Face à la fragmentation de l’audience, l’Internet global

En fait. Le 14 mars, Médiamétrie a fait le point sur les faits marquants du Web
sur l’année 2011 (les barres des 40 millions d’internautes et des 20 millions de mobinautes atteintes) et présenté les évolutions à venir des mesures d’audience. L’Internet fixe et L’Internet mobile vont être réconciliés.

En clair. Les annonceurs et les agences de publicité vont avoir au début du second semestre de cette année la première mesure d’un « Internet global », agrégeant pour la première fois les mesures d’audiences de l’Internet fixe et mobile à partir des ordinateurs, des smartphones, des tablettes et des téléviseurs connectés. C’est la réponse que leur apporte Médiamétrie pour faire face à la fragmentation de l’audience avec la multiplication des écrans.
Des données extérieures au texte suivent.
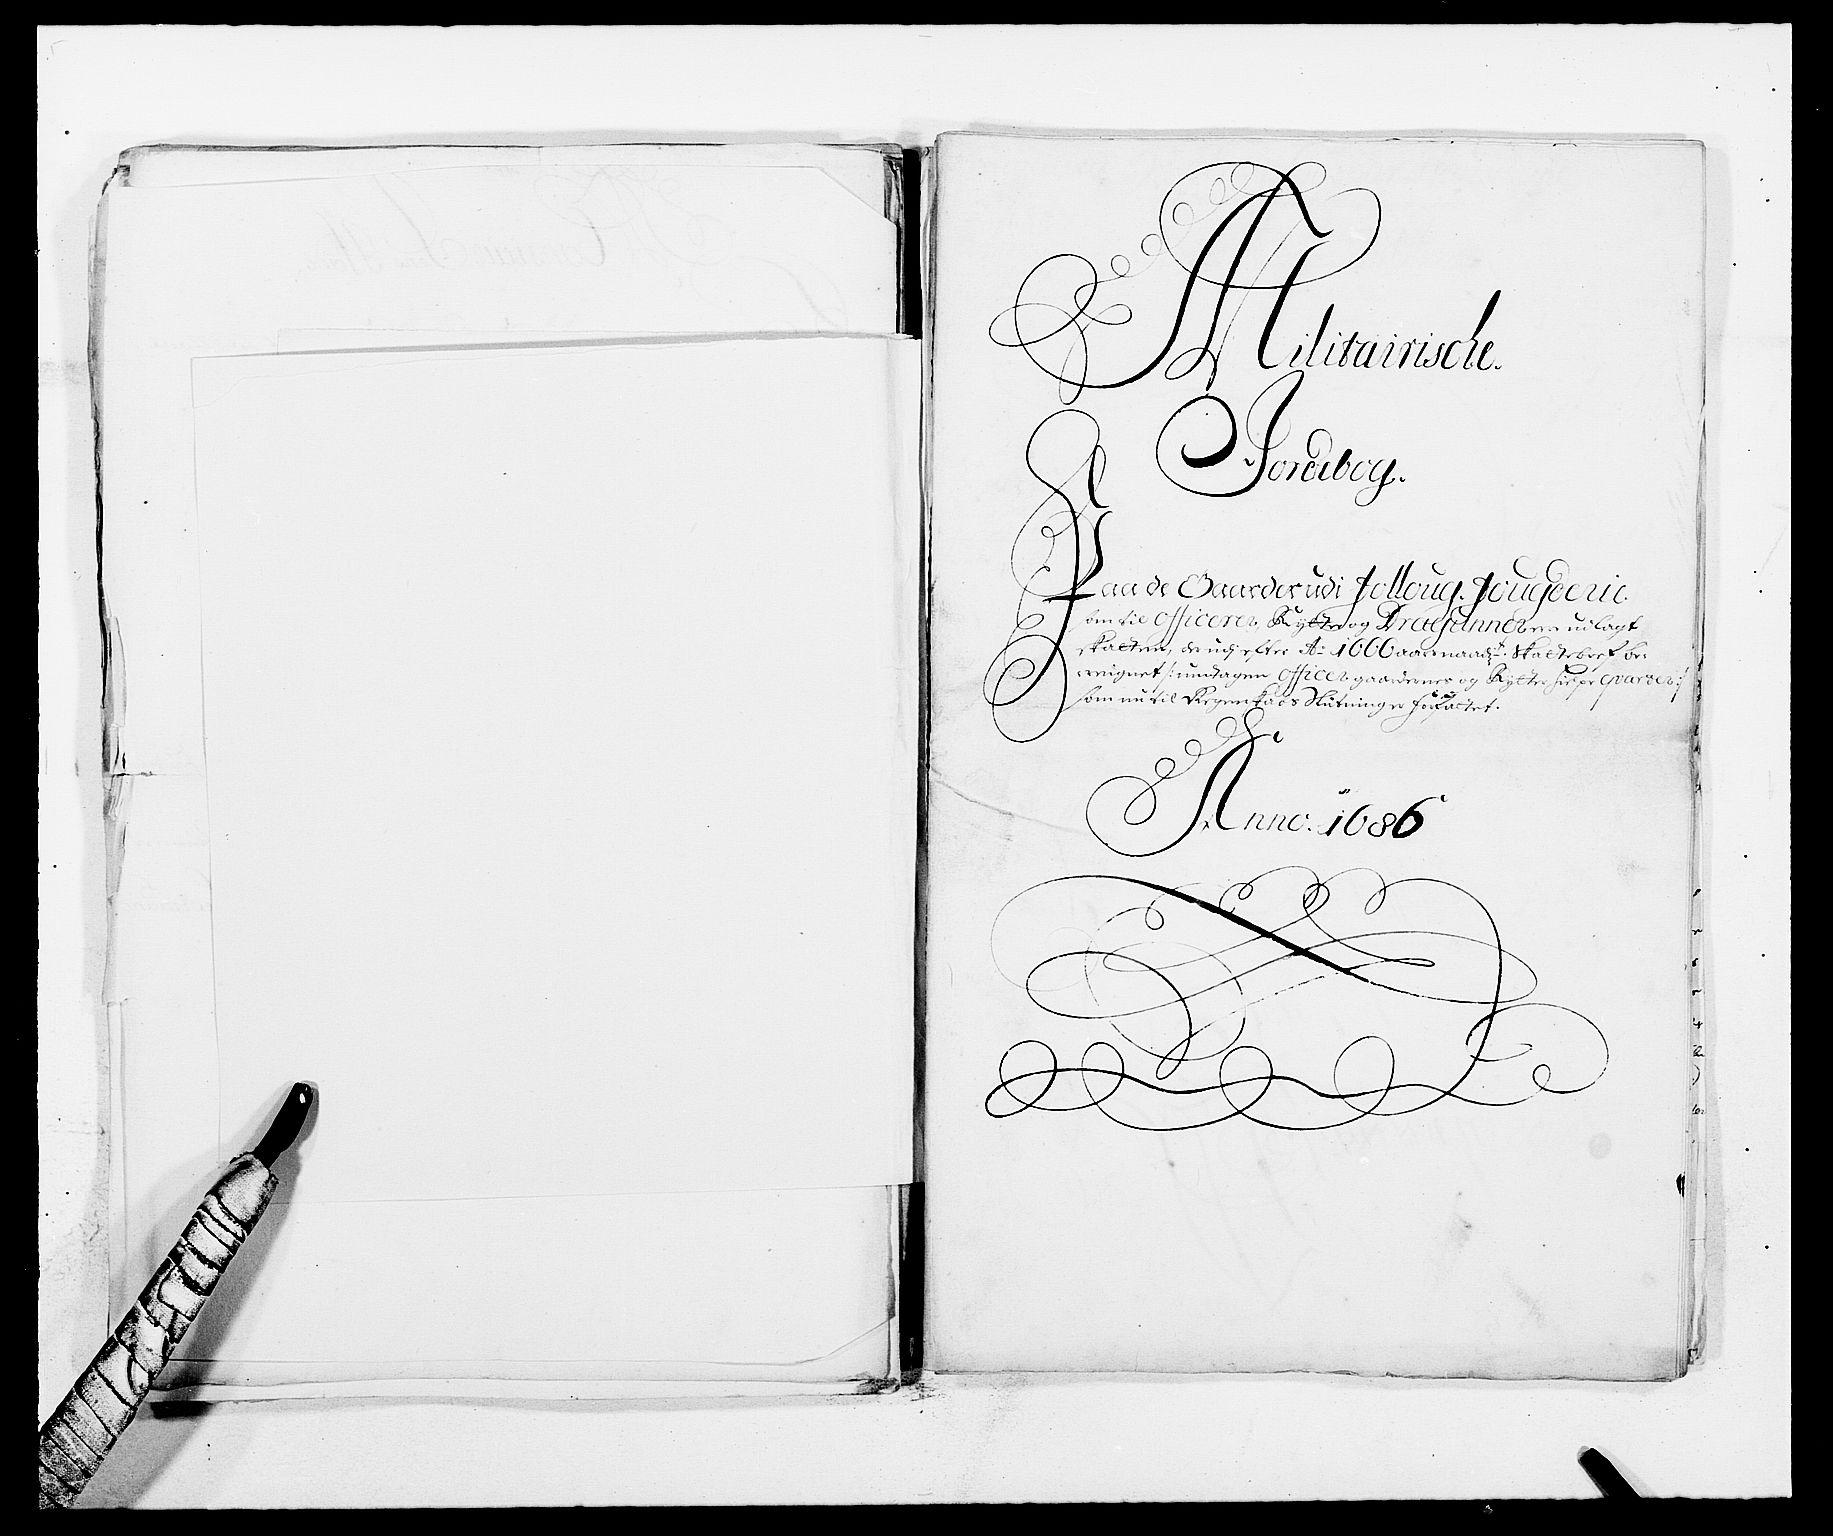 RA, Rentekammeret inntil 1814, Reviderte regnskaper, Fogderegnskap, R09/L0436: Fogderegnskap Follo, 1685-1691, s. 83
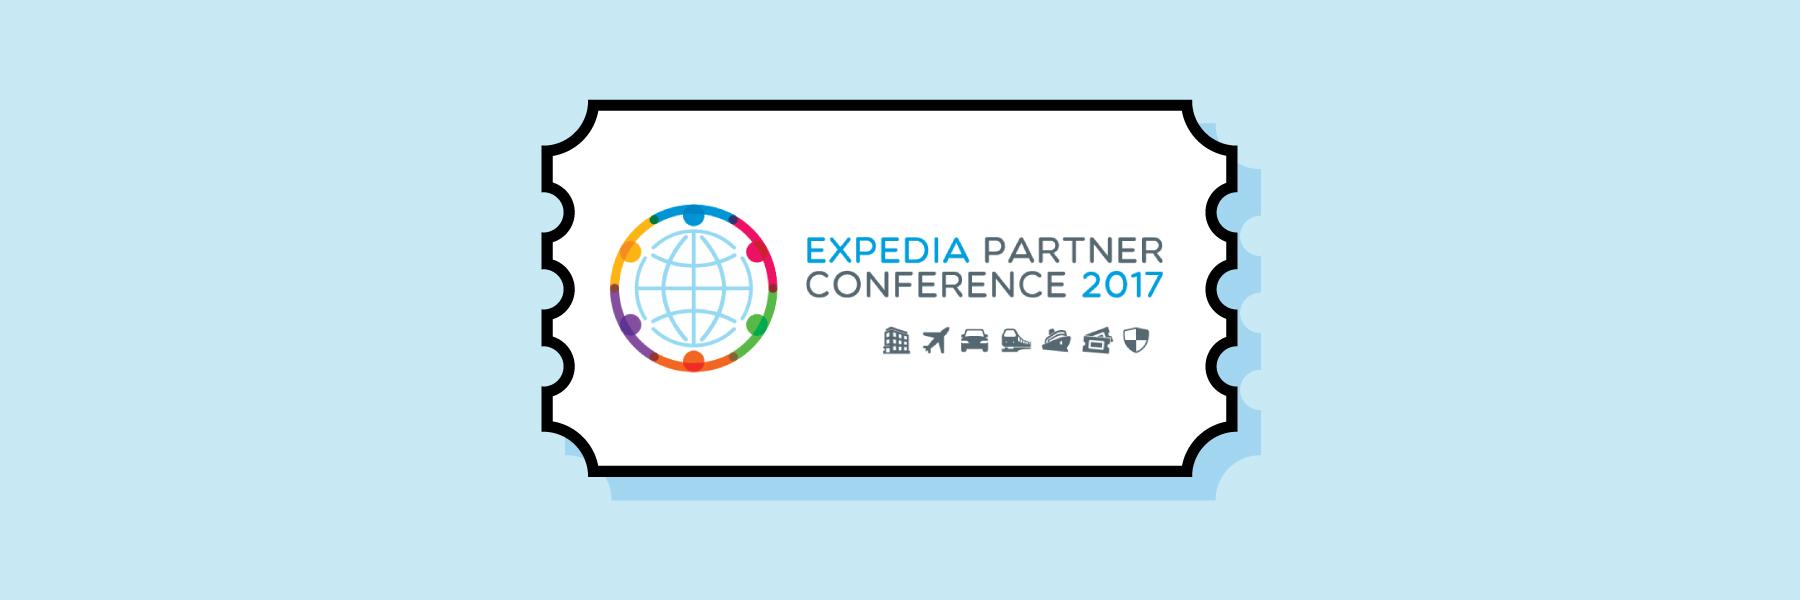 FareHarbor Expedia Partner Conference

La mensualisation de la mesure de l’Internet mobile depuis décembre 2011, jusqu’alors trimestrielle, a déjà permis aux éditeurs et aux publicitaires de pouvoir comparer l’audience du web fixe avec celle des mobiles.
La frontière entre les deux modes d’accès tend d’ailleurs à devenir poreuse (1). Les tablettes – non intégrées dans l’Internet mobile – feront aussi leur entrée dans cette mesure globale, 1.000 panélistes ayant été « recrutés » pour de premières mesures réalisées sur ce premier trimestre, lesquelles seront publiées au second trimestre (2). Mais elles ne porteront pour l’instant que sur des iPad d’Apple, « qui génèrent encore
90 % des connexions des tablettes », explique Tiphaine Goisbeault, directrice Télécom
et Equipement de Médiamétrie. Or sur 1,764 million d’utilisateurs de tablettes en France, seuls 55 % ont un iPad. « Les tablettes sous Android [de Google] seront prises en compte fin 2012/début 2013 », ajoute-t-elle. Pourtant, l’institut constate dans une de ses études
« eStat » que la part des visites des sites (hors applications) à partir de tablettes ou smartphones sous Android (Samsung, HTC, …) est déjà de 40 % en janvier 2012 – face aux 52 % de l’iOS d’Apple. Un an plus tôt, le rapport de force était respectivement de 16 % et 72 %. Malgré ce rééquilibrage spectaculaire en faveur de l’OS de Google, il faudra donc attendre la prise en compte des tablettes sous Android…
Quant à la mesure hybride (panel + site centric), dont les premiers résultats historiques seront communiqués aux clients fin mars pour une publication début juin, sera intégrée elle aussi à la mesure globale. L’institut n’entend pas pour autant en rester là. « Il manque des outils pour mesurer l’efficacité de l’audience sur les marques. Nous prévoyons à l’avenir de le faire, en mesurant les intentions d’achat, la satisfaction et l’intérêt pour
la marque », a indiqué Benoît Cassaigne, directeur des mesures d’audiences chez Médiamétrie. @

Bruno Chetaille, Médiamétrie : « La France sera le premier pays à mesurer l’Internet mobile et ses applications »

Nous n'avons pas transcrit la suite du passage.